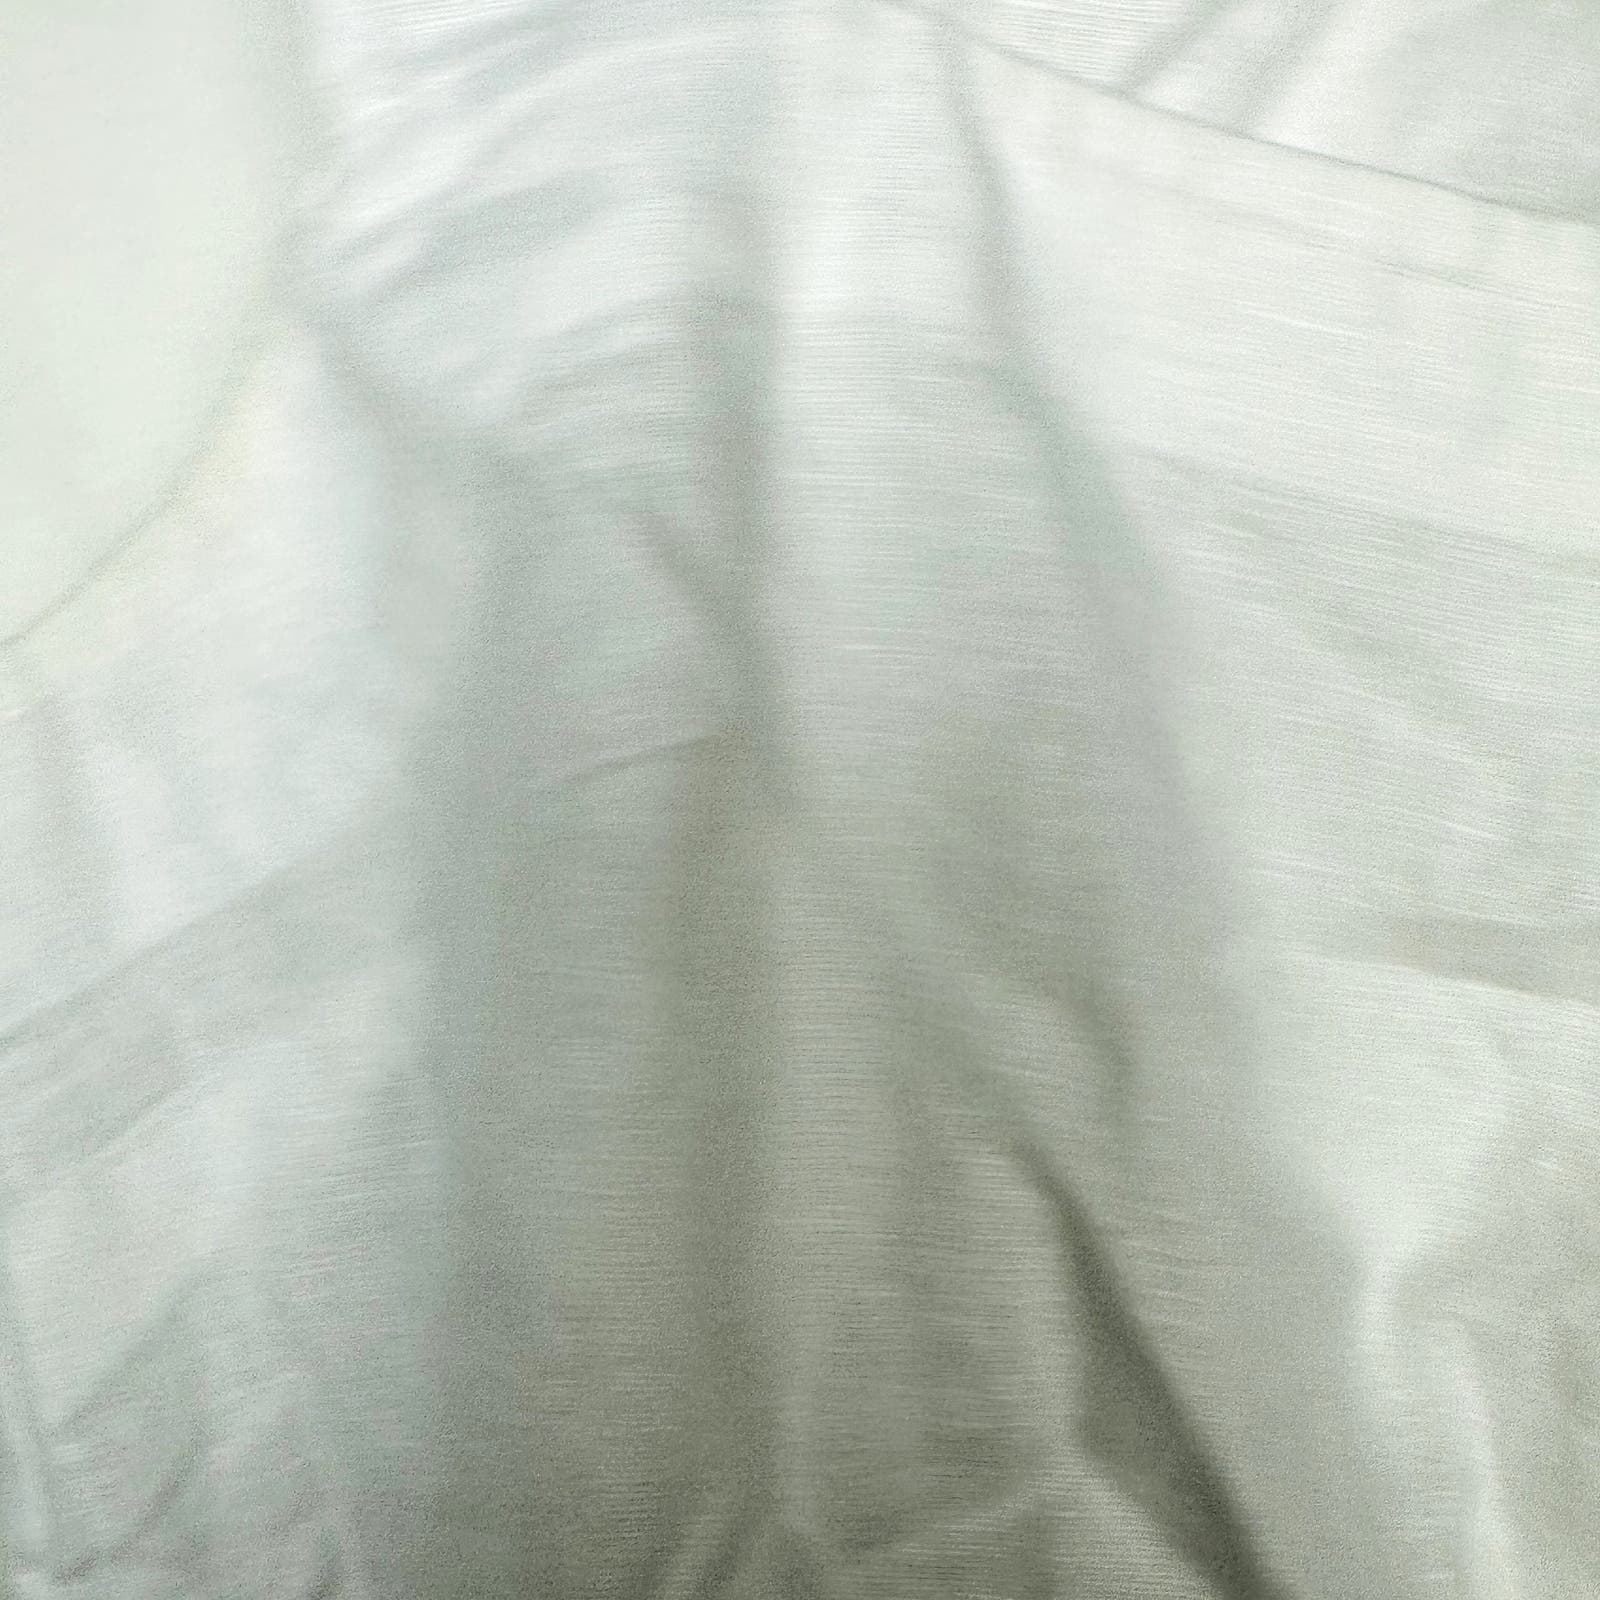 Madewell NWOT White Cross Back Sleeveless Linen Top Size 4
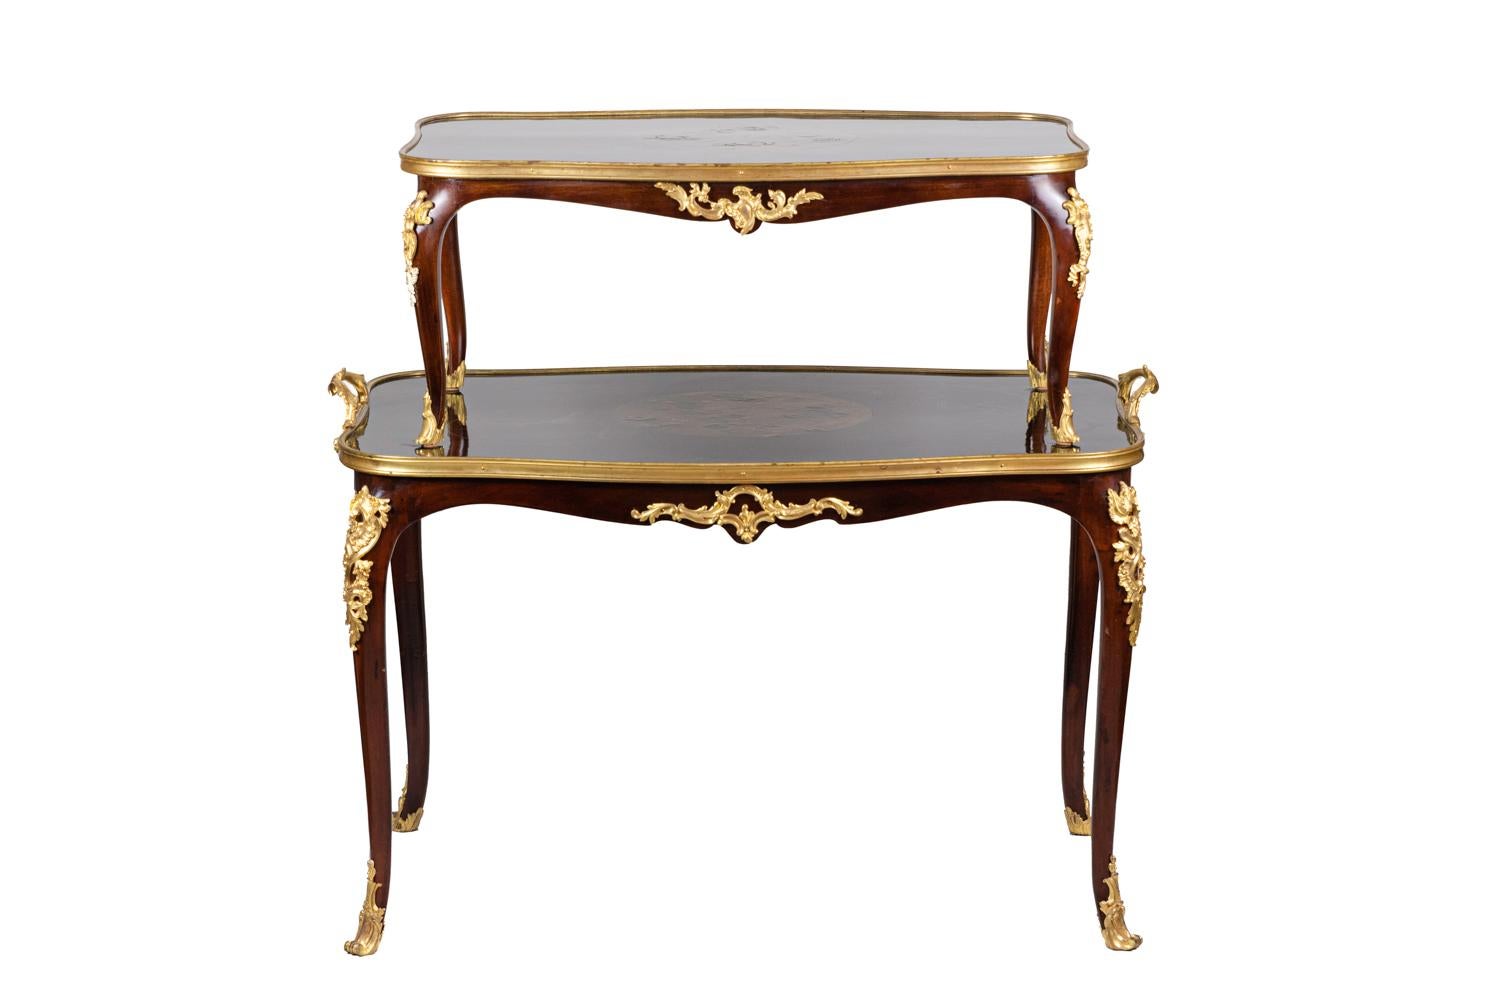 Teetisch im Louis XV-Stil aus Mahagoni mit zwei überlappenden, gewellten Tabletts, die jeweils auf vier Cabriole-Beinen stehen. Abnehmbares oberes Fach.
Lackdekor mit schwarzem Hintergrund und vergoldeten chinesischen Motiven, die drei Kreise mit
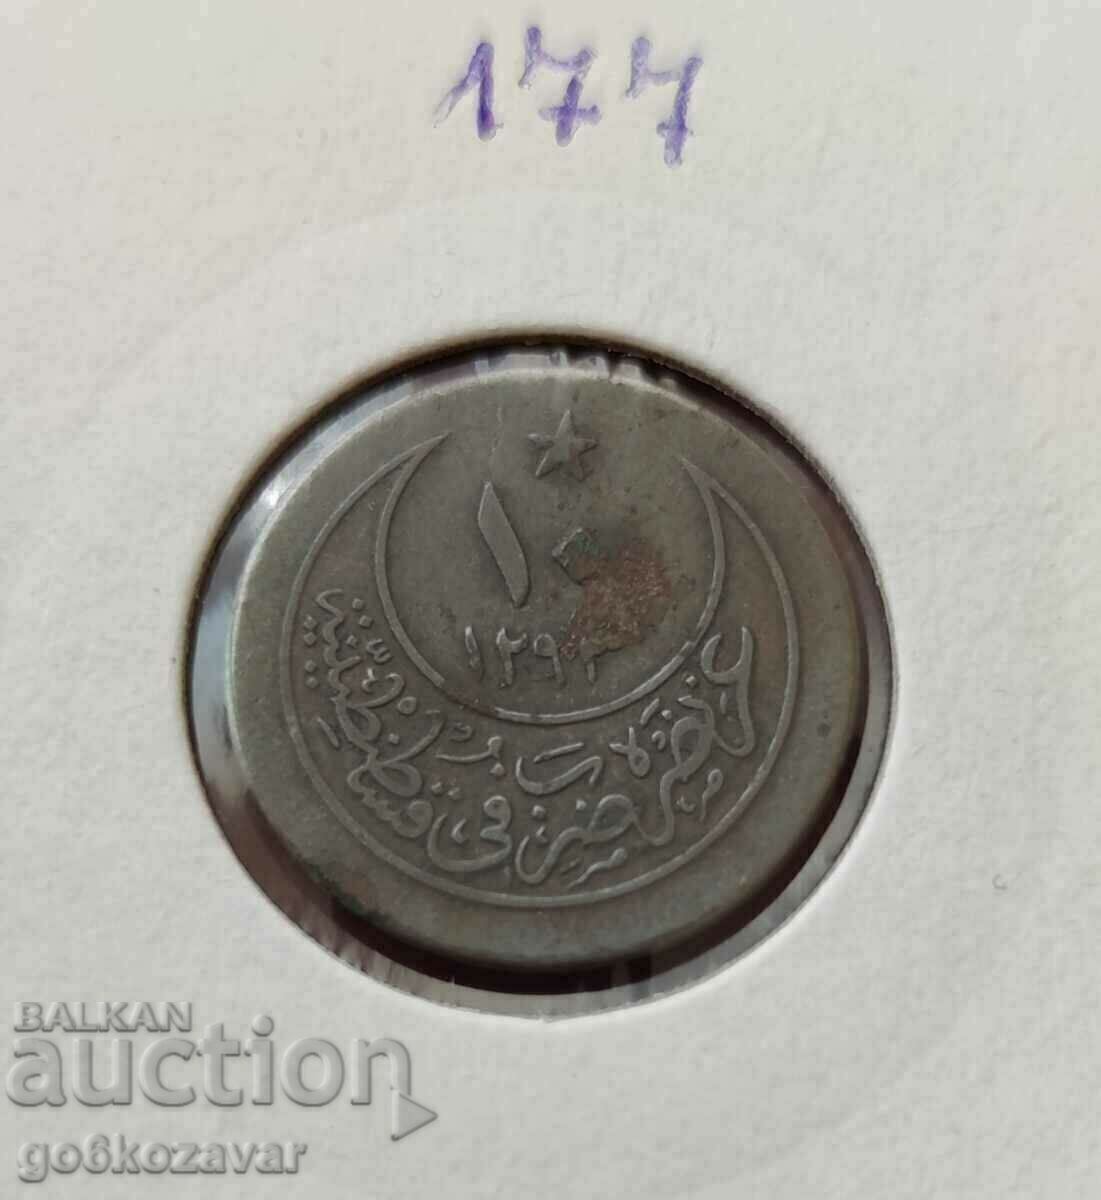 Οθωμανική Αυτοκρατορία 10 νομίσματα 1293-1876 Ασημένιος αριθμός 27
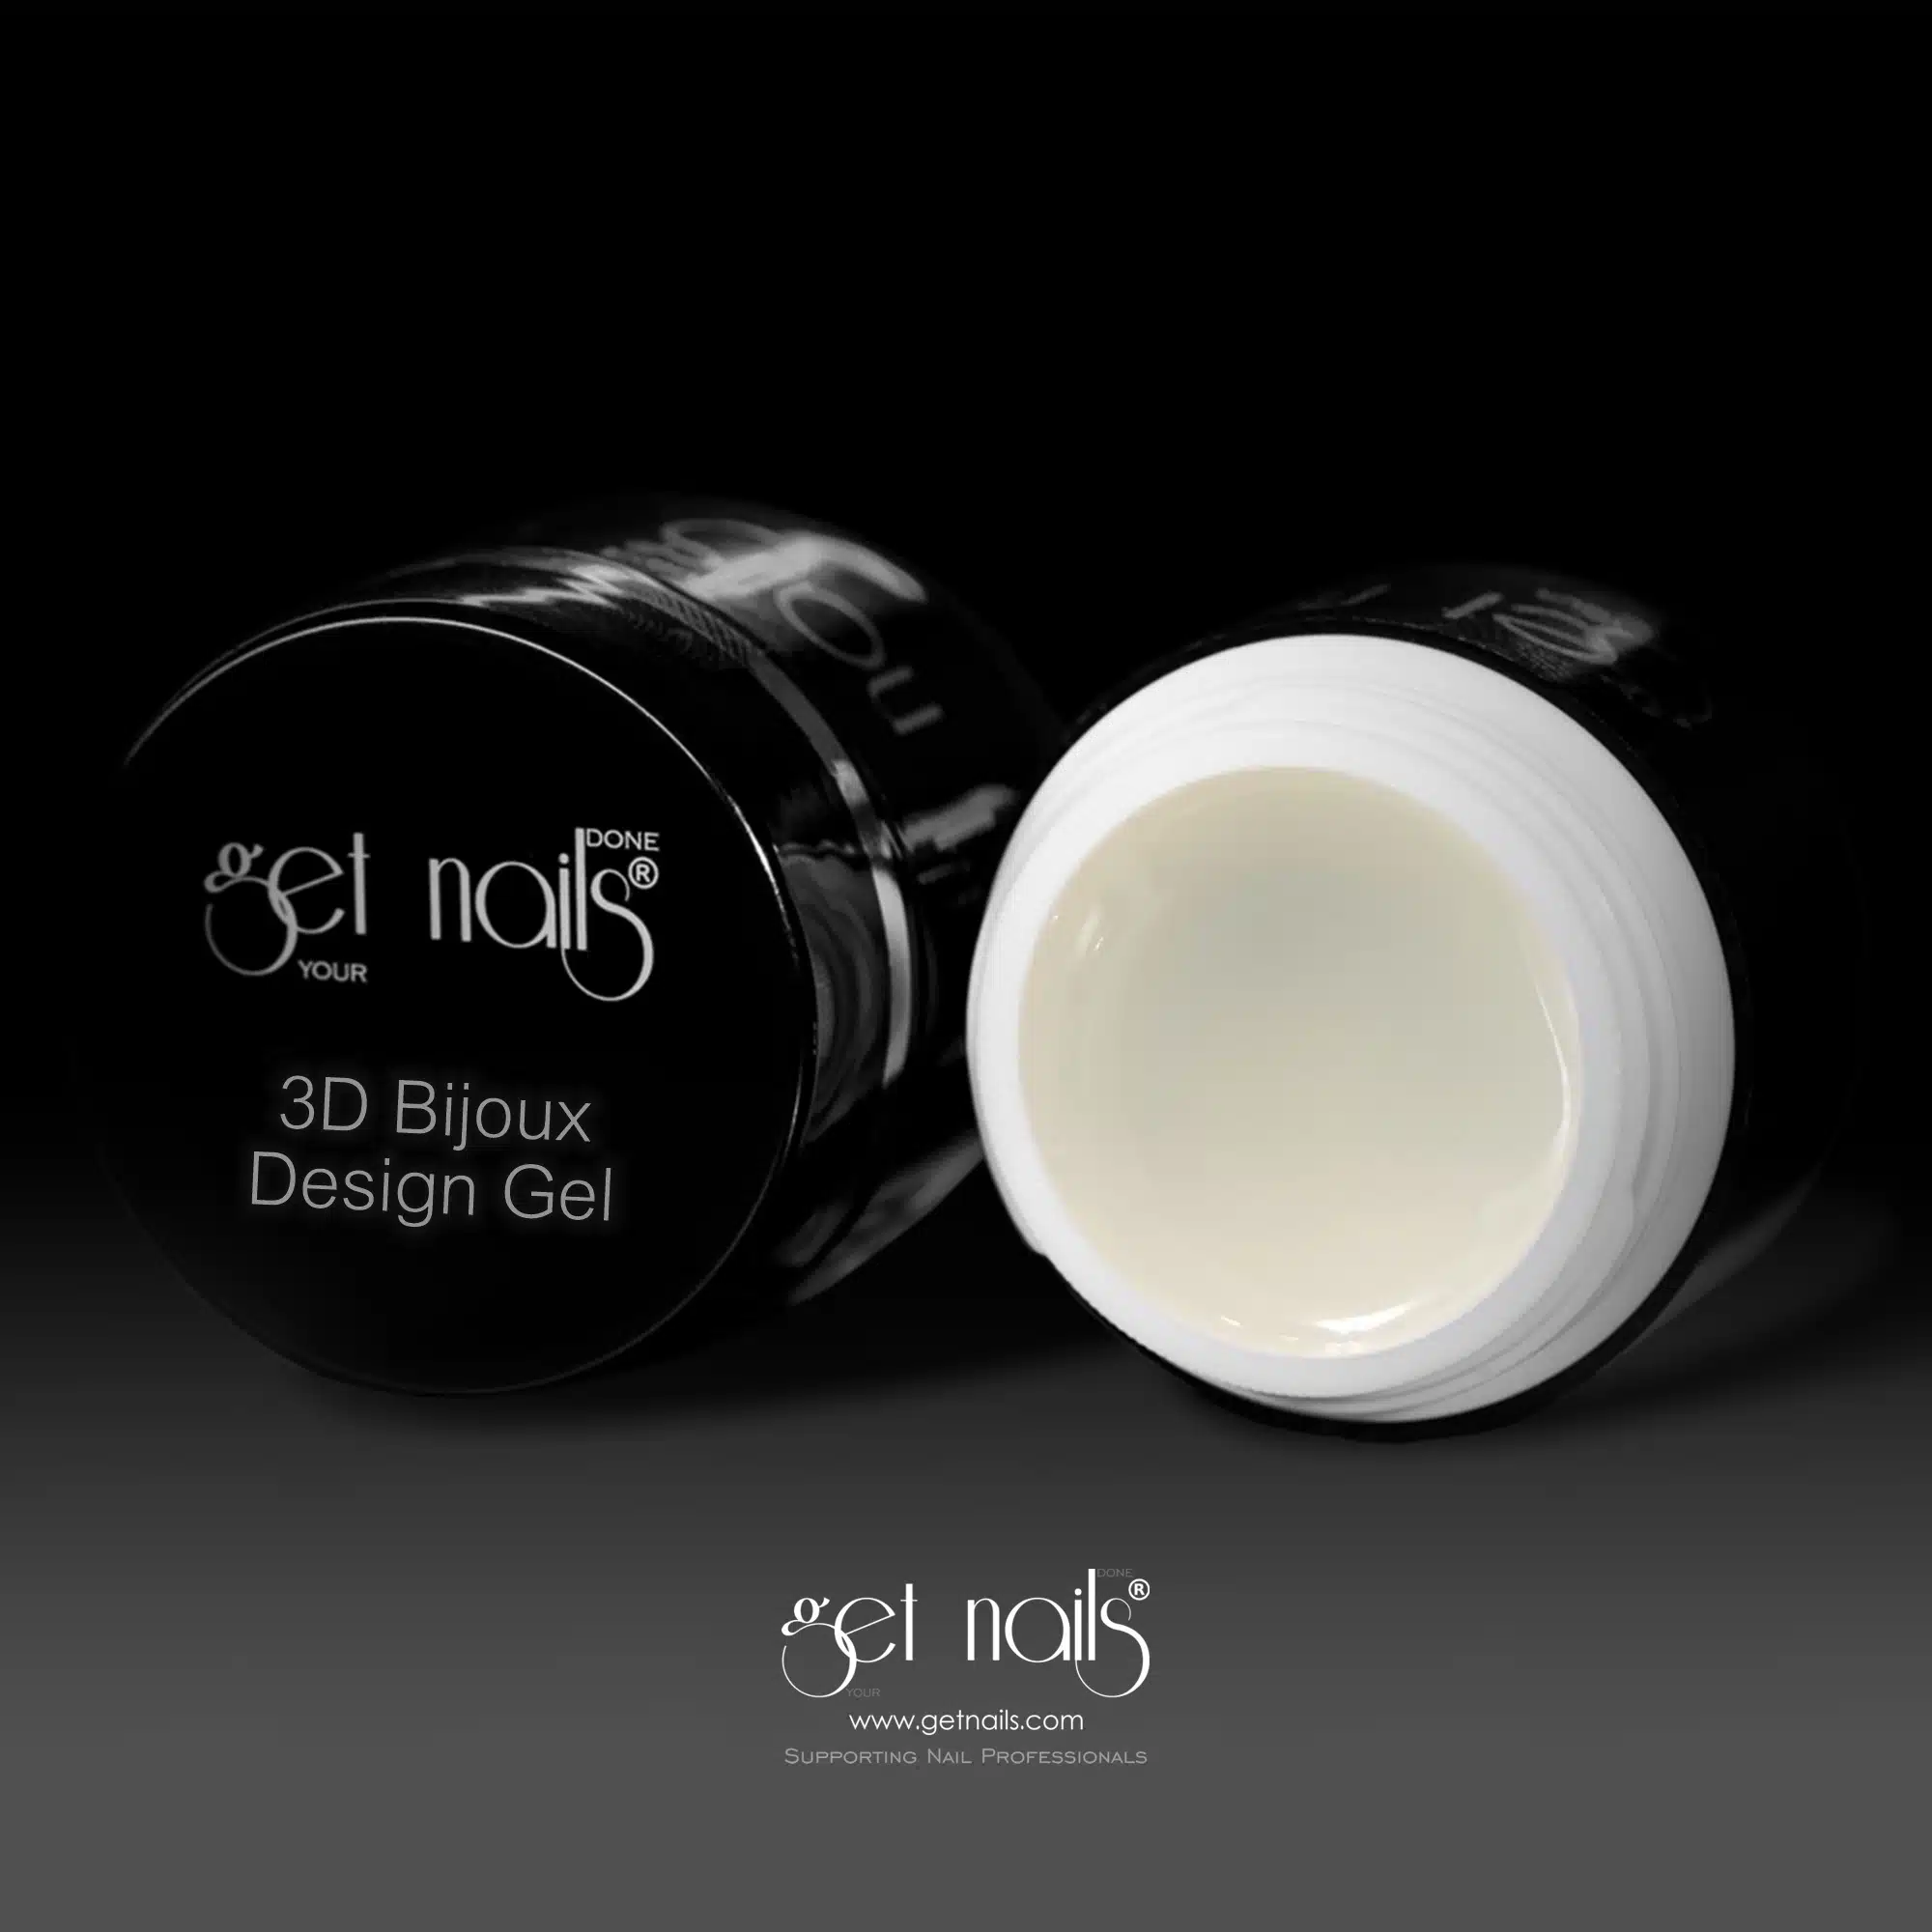 Get Nails Austria - 3D Bijoux Design Gel 5g
__________
→ **Task statement**
With pictures omitted, copy exactly the lines from the one containing "Teetisch im Louis" through the final line of the listing, both included.

→ **Response area**
 Teetisch im Louis XV-Stil aus Mahagoni mit zwei überlappenden, gewellten Tabletts, die jeweils auf vier Cabriole-Beinen stehen. Abnehmbares oberes Fach.
Lackdekor mit schwarzem Hintergrund und vergoldeten chinesischen Motiven, die drei Kreise mit
 Οθωμανική Αυτοκρατορία 10 νομίσματα 1293-1876 Ασημένιος αριθμός 27
 Get Nails Austria - 3D Bijoux Design Gel 5g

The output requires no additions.